Anyway, I'd primed the pump sufficiently for my signing session that several friends came to hang out and keep me company, but I also had half a dozen people come by either with books to sign (wow!) or interested in taking one of the "Mazarinette and the Musketeer" chapbooks that I'd brought so I'd have something to sign. So a group of us adjourned to lunch afterward. I figured a sizeable lunch was in order since my later panel rolled directly into the Hugo Award ceremony slot and there's be no time then.
That later panel provides today's photo: ALien Language in Science Fiction featuring (from left to right in the picture) Lawrence M. Schoen (involved with the Klingon Language Institute), David J. Peterson (alien language consultant to Hollywood, including for Game of Thrones, and incidentally a student of mine back in my grad school days which gives us content for some amusing banter on panels--a great guy), Stephen W. Potts (author of academic and critical writing on SFF), me, and Cora Buhlert (German translator and writer of SFF). It was a longer panel slot than most, which gave us scope for a lot of interesting discussion about just how alien a language can be before it takes over the plot, how to handle the question of translation in portraying multi-species linguistic interactions, and some of the dynamics of interacting with television and movie producers as a language consultant. There was a general sense that Hollywood is becoming more interested in and more willing to take languages seriously in portraying SFF-nal societies, though there's always the pressure not to drive away audience attention.
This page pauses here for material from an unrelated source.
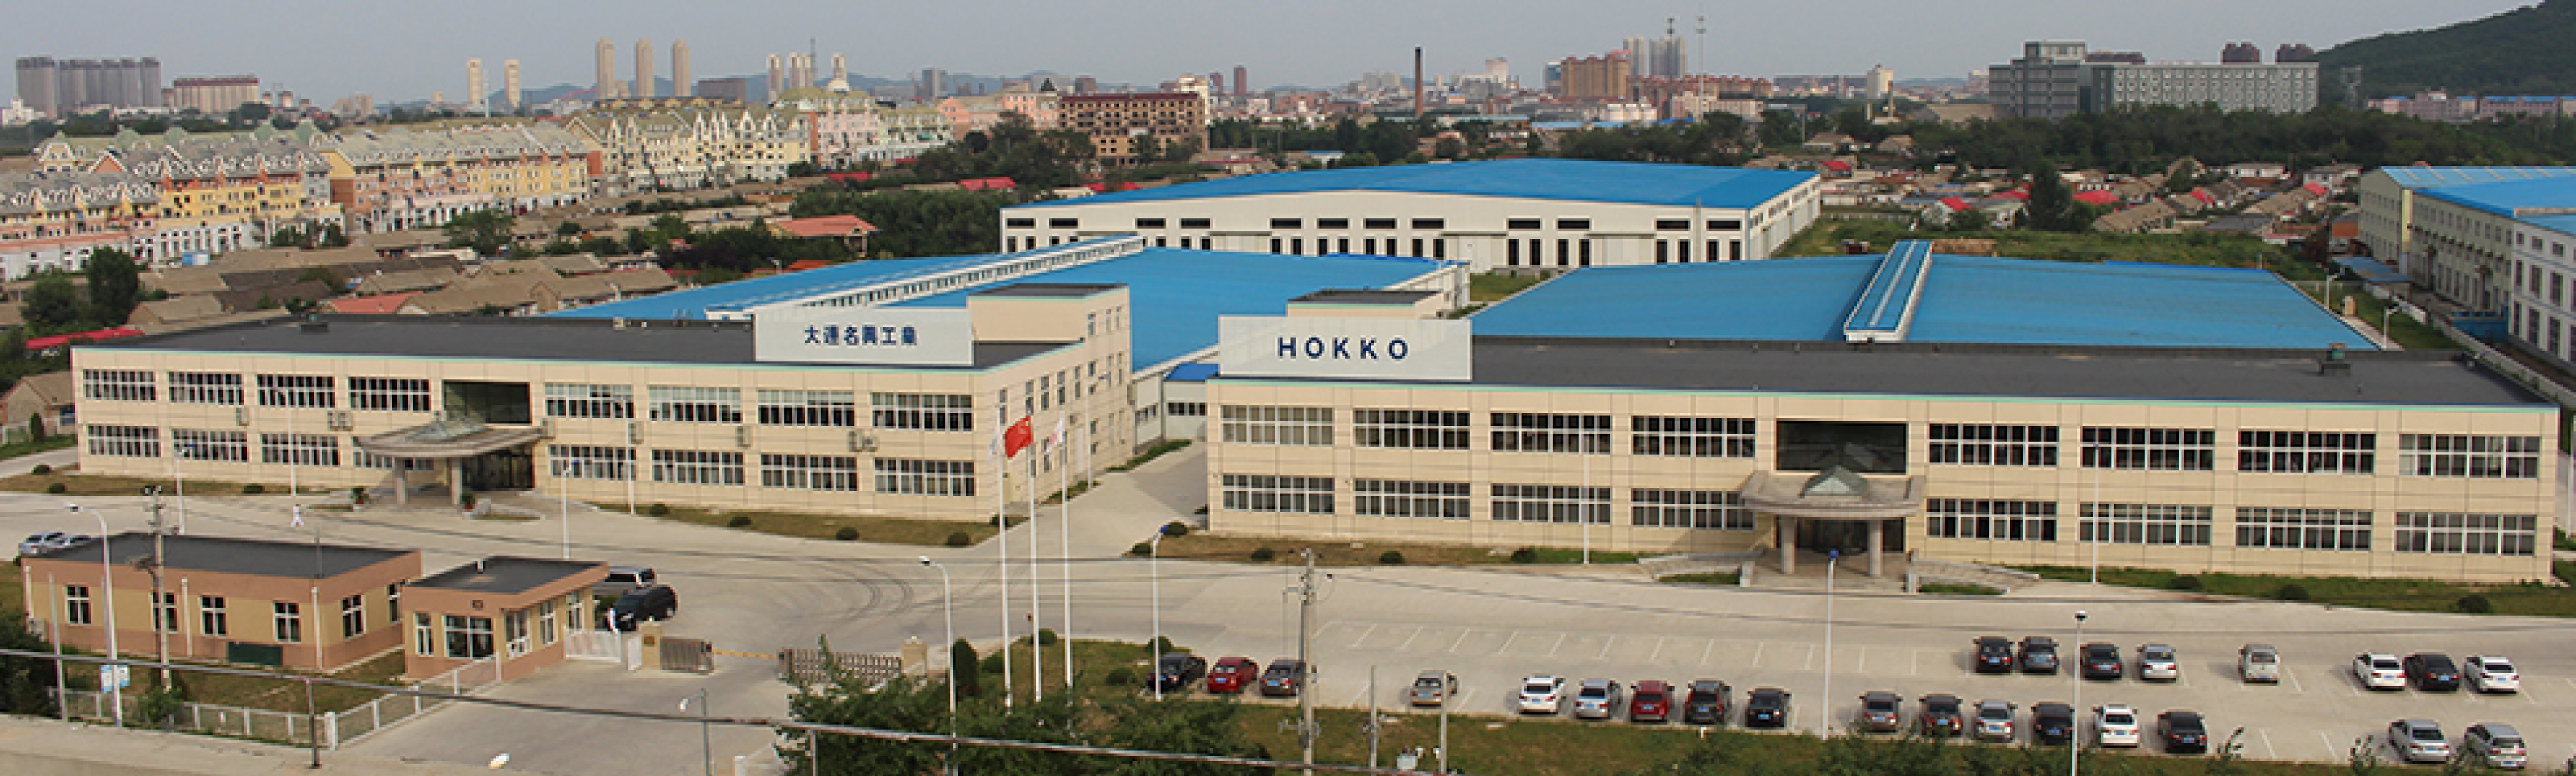 Dalian Meikou Industry Company, Ltd.

Since the panel slot ran until 7:30 (though it gets out a little earlier) and the Hugo ceremonies were scheduled to begin at 7:30, I'd lost all chance of meeting up to sit with any of my default groups. And though I scanned the bleachers for quite a while looking for a seat, I couldn't find anyone until I'd given up and went off to sit by myself and then ran into Kathryn Sullivan who I'd been chatting with in several contexts over the several previous days. So that was nice. The ceremony was very enjoyable and fortunately this year there wasn't any anxiety that the atmosphere would be hijacked by Puppy hijinx. (If you don't know what I'm talking about, don't worry about it.)
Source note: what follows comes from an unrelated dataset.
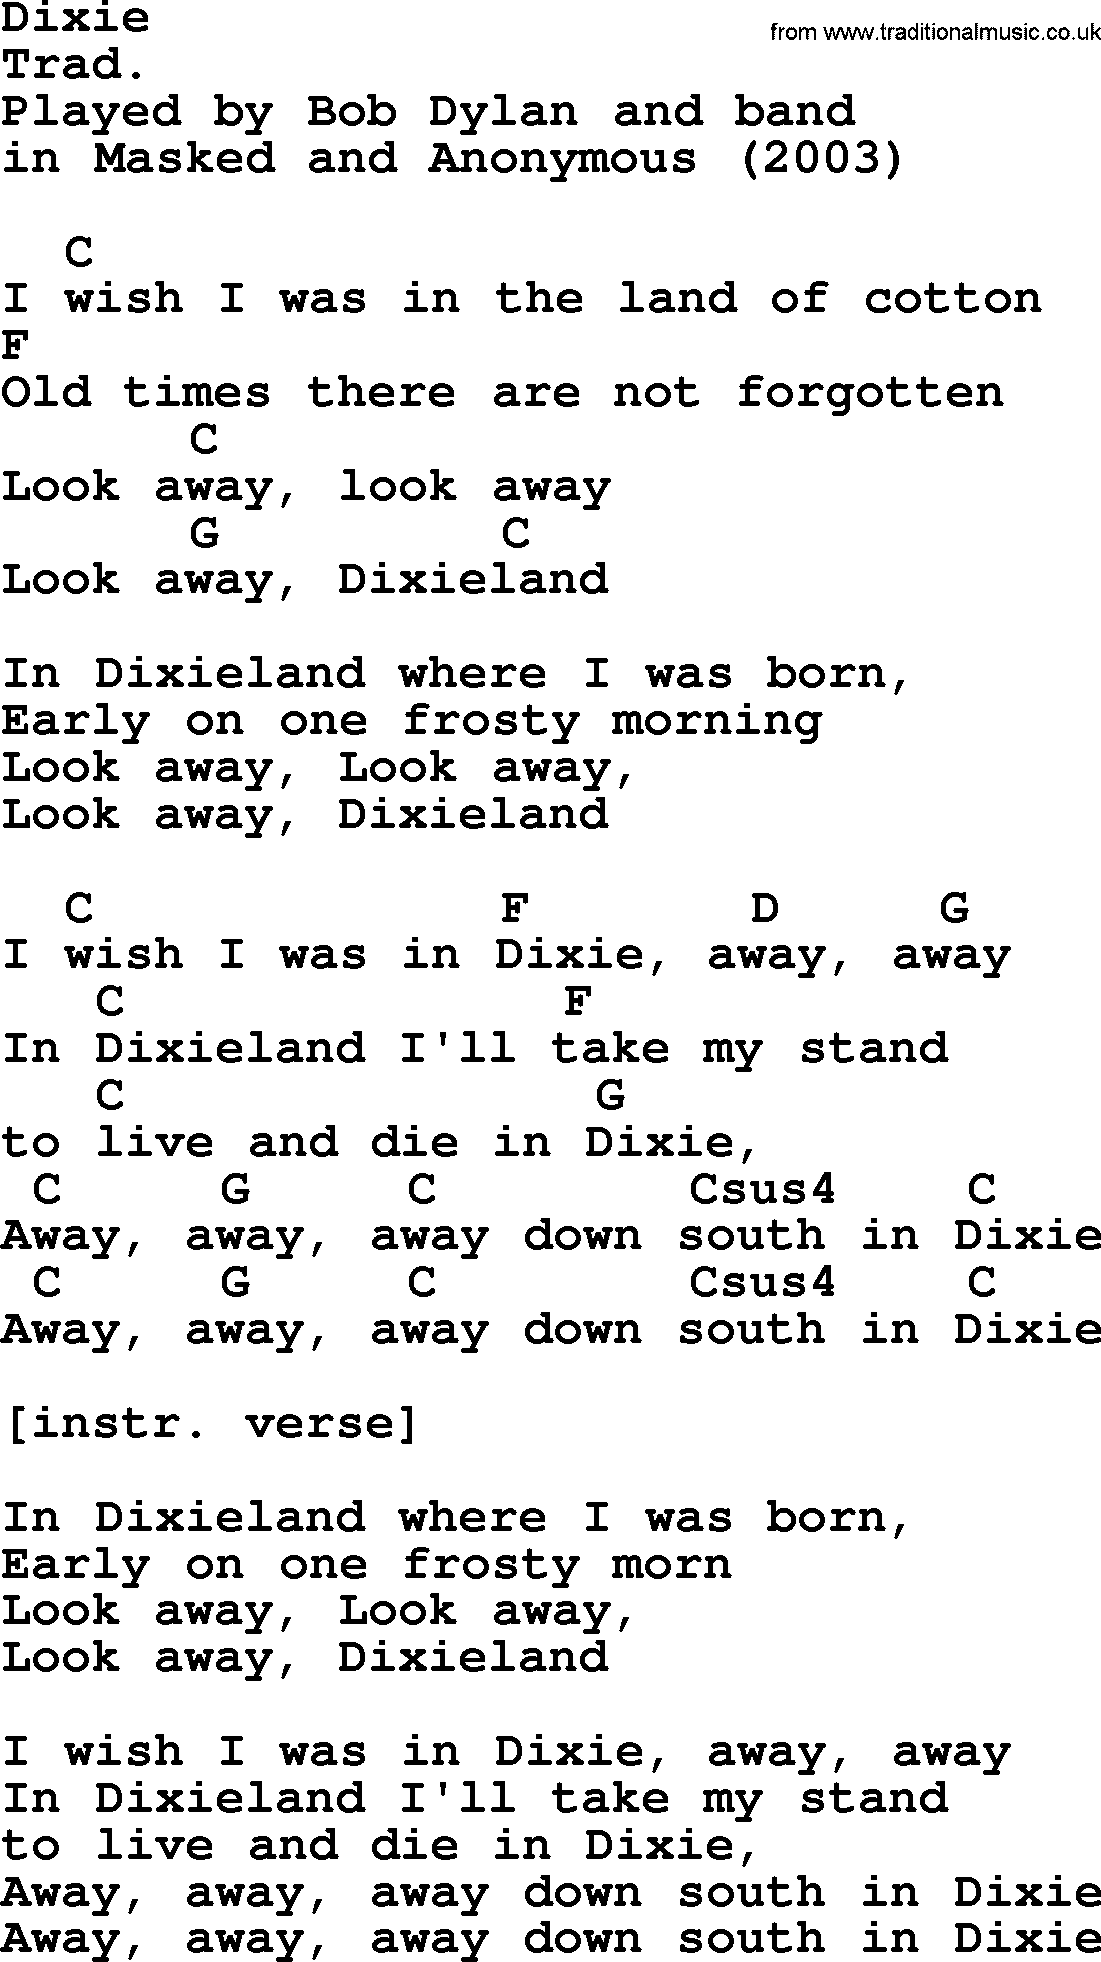 Bob Dylan song, lyrics with chords - Dixie

After the ceremony, I wandered around a bit looking for someone to have a spot of dinner with and found Anna Feruglio Dal Dan was of a similar mind, so I finally enjoyed a bowl of the famous Helsinki "creamy salmon soup" that all the cafes advertise, which just hit the spot. So far, I haven't done any "evening parties" as such. Due to the venue restrictions, all the bid parties and the like are in a large common space in the convention center, which means the noise levels are even worse than a hotel suite would be. And since everyone's spread out across many hotels, there isn't an obvious place to go for a bar-con. The third element is that every evening except this one I've ended up back downtown for dinner, and simply didn't feel like taking the train back to the convention center on the off chance that I might find congenial company. This has been good for my sleep, and I've been having plenty of social time otherwise, so I'm ok about it.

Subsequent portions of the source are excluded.